Classics Review: Seven Samurai

Hello fellow movie goers from around the globe. Today’s classic review is an influential film that became a tentpole on the film industry. Story is about villagers who hire samurai to fight bandits from raiding their town and learn to defend themselves. What I’m referring to is none other than Akira Kurosawa’s groundbreaking epic, “Seven Samurai.”

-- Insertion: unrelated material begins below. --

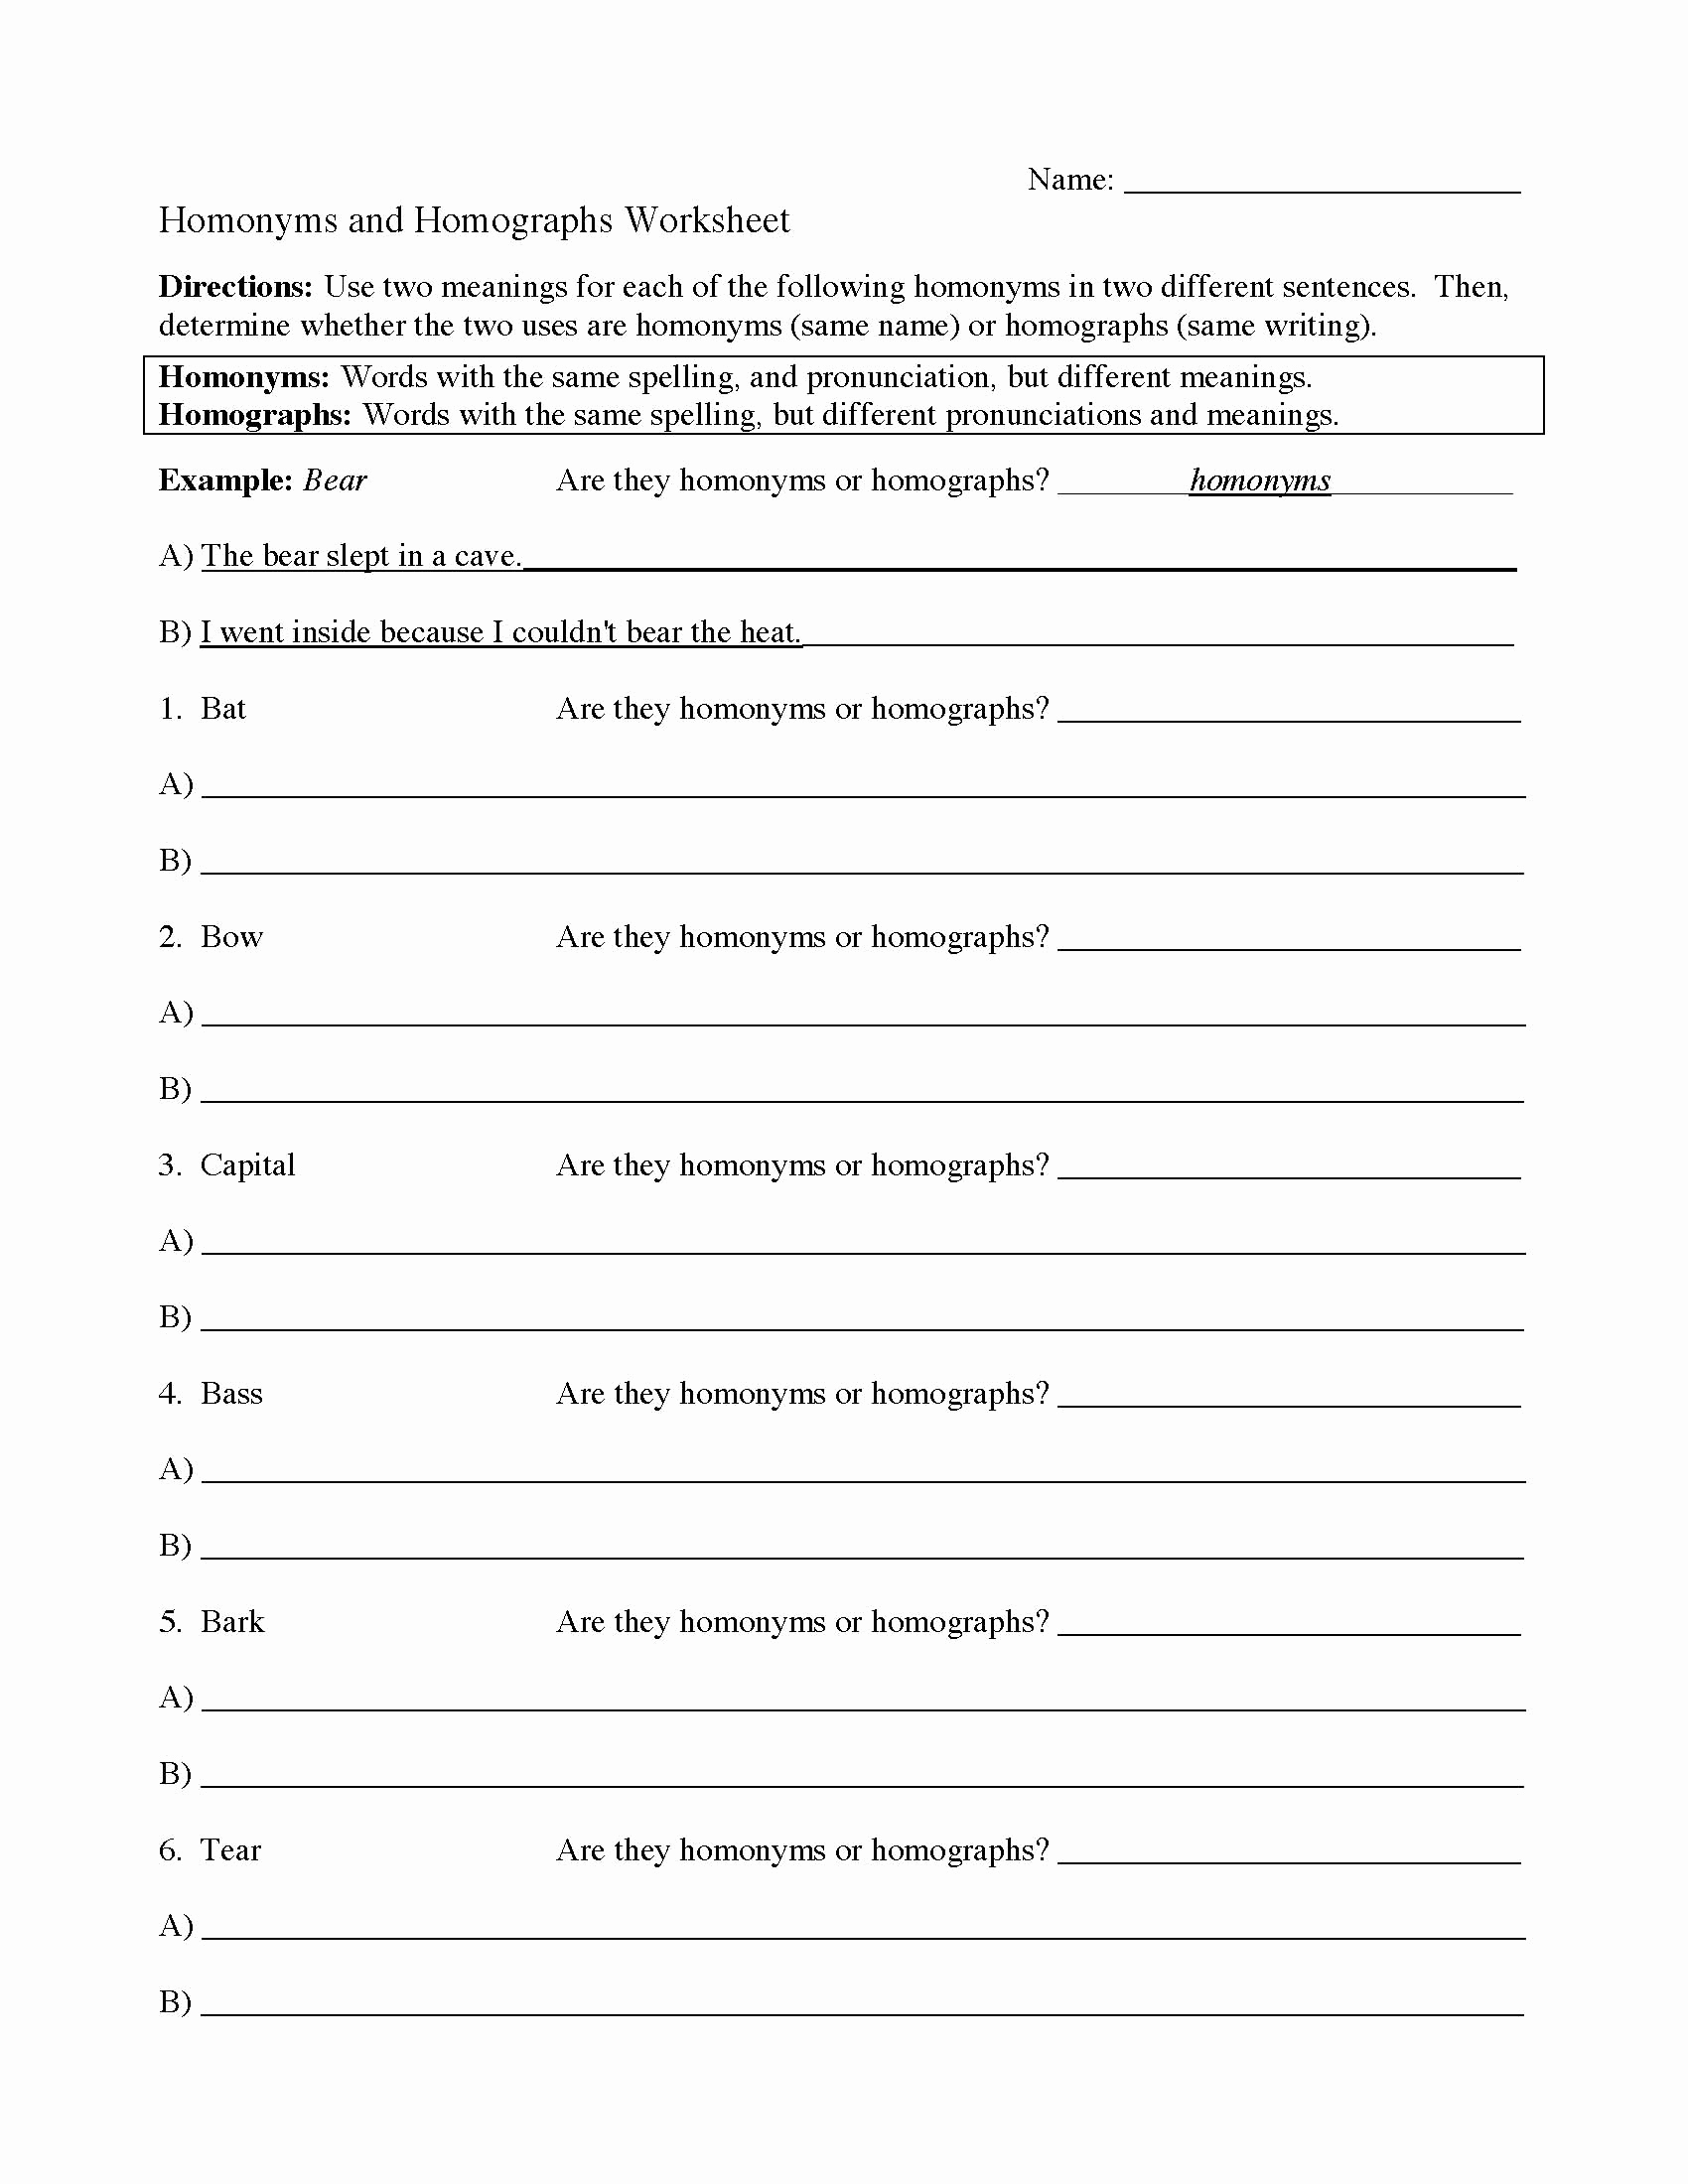 Homographs Practice Worksheets Elegant Homonyms and Homographs Worksheet 1

Seven Samurai was released in 1954. (same year Godzilla came out) It received universal acclaim from critics and movie goers alike. Plus, it made enough revenue at the box office. Overtime, the film is labeled as one of the best films. The Criterion Collection digitally restored Seven Samurai on DVD/Blu-Ray as spine number 2. It inspired countless films with a similar plot such as “The Magnificent Seven,” (1960 and 2016) “Star Wars,” The Three Amigos,” “A Bug’s Life,” & “Galaxy Quest.” Many filmmakers cited Seven Samurai as an influential part of their careers including George Lucas, Martin Scorsese, Steven Spielberg, Sam Peckinpah, Peter Jackson, The Wachowskis, George Miller, Genndy Tartakovsky, Quentin Tarantino & Sergio Leone. Without Akira Kurosawa, our favorite films and directors would’ve never existed.

The reason why I wanted to review this film, is because “Ghost of Tsushima” (a video game inspired by Kurosawa’s works) is getting a sequel. As of mid-2022, no release date has been announced.

Strong & Weak Qualities

Strong: Akira Kurosawa did an excellent job directing. He also wrote the script. I’m gonna give him credit for setting a benchmark as an influential filmmaker. We owe Kurosawa a big thank you.

The Cast all did an amazing job for their respective performances. Kurosawa’s frequent collaborator, Toshiro Mifune stole the film as Kikuchiyo. A hot-blooded, warrior with a hidden heart of gold. Kikuchiyo inspired John Belushi’s samurai character on “SNL.”

Action Sequences were coordinated with actual stuntmen.

Practical Effects were heavily involved to stage battle scenes.

Cinematography captures decent in-depth imagery. Makes me wanna replay Ghost of Tsushima in “Kurosawa Mode.”

Chemistry between the samurai and the villagers plays a crucial role as they prepare for battle.

Wipe Transitions are used to go from one scene to another. George Lucas also used this technique in the Star Wars series.

Costume Designs and Set Pieces reflect the Tensho era dating back to 1573-1592.

Character Development involving the samurai and villagers. As the film progresses, they start to trust one another.

Pacing didn’t feel like a drab for a three-and-a-half-hour film. I didn’t feel miserable at all. It’s Kurosawa’s longest film ever!

Primary Themes are Teamwork, Trust, Loyalty & Code of Honor. Each one is handled maturely.

There’s no eye-rolling forced romance between two characters. It’s done very carefully based on social class.

The First Half builds up team formation, characterization and samurai training the villagers to defend themselves against bandits. The Second Half gets better.

Now that we have DVD/Blu-Ray players, you can skip the Intermission. If you wish to leave the Intermission segment running, so be it.

A Battle in the Rain inspired “The Lord of the Rings: The Towers.”

Weak: If you’re not into movies with subtitles, you’ll probably dislike it. I on the other hand, managed to get use it. I’ll let this con slide.

The Final Verdict: A, FOR APEX!

As a modern movie goer born in 1993, Seven Samurai is a cornerstone in cinema history inspiring past, present and future filmmakers. I think this is the best (if not the best) film of 1954. If you’re new to Akira Kurosawa’s work, I strongly recommend this masterpiece and his other gems like “Rashomon,” “The Hidden Fortress,” “Yojimbo” & “Ran.” They’re included in The Criterion Collection. Give em’ all a try. If you’re a modern movie goer like me, you won’t be disappointed.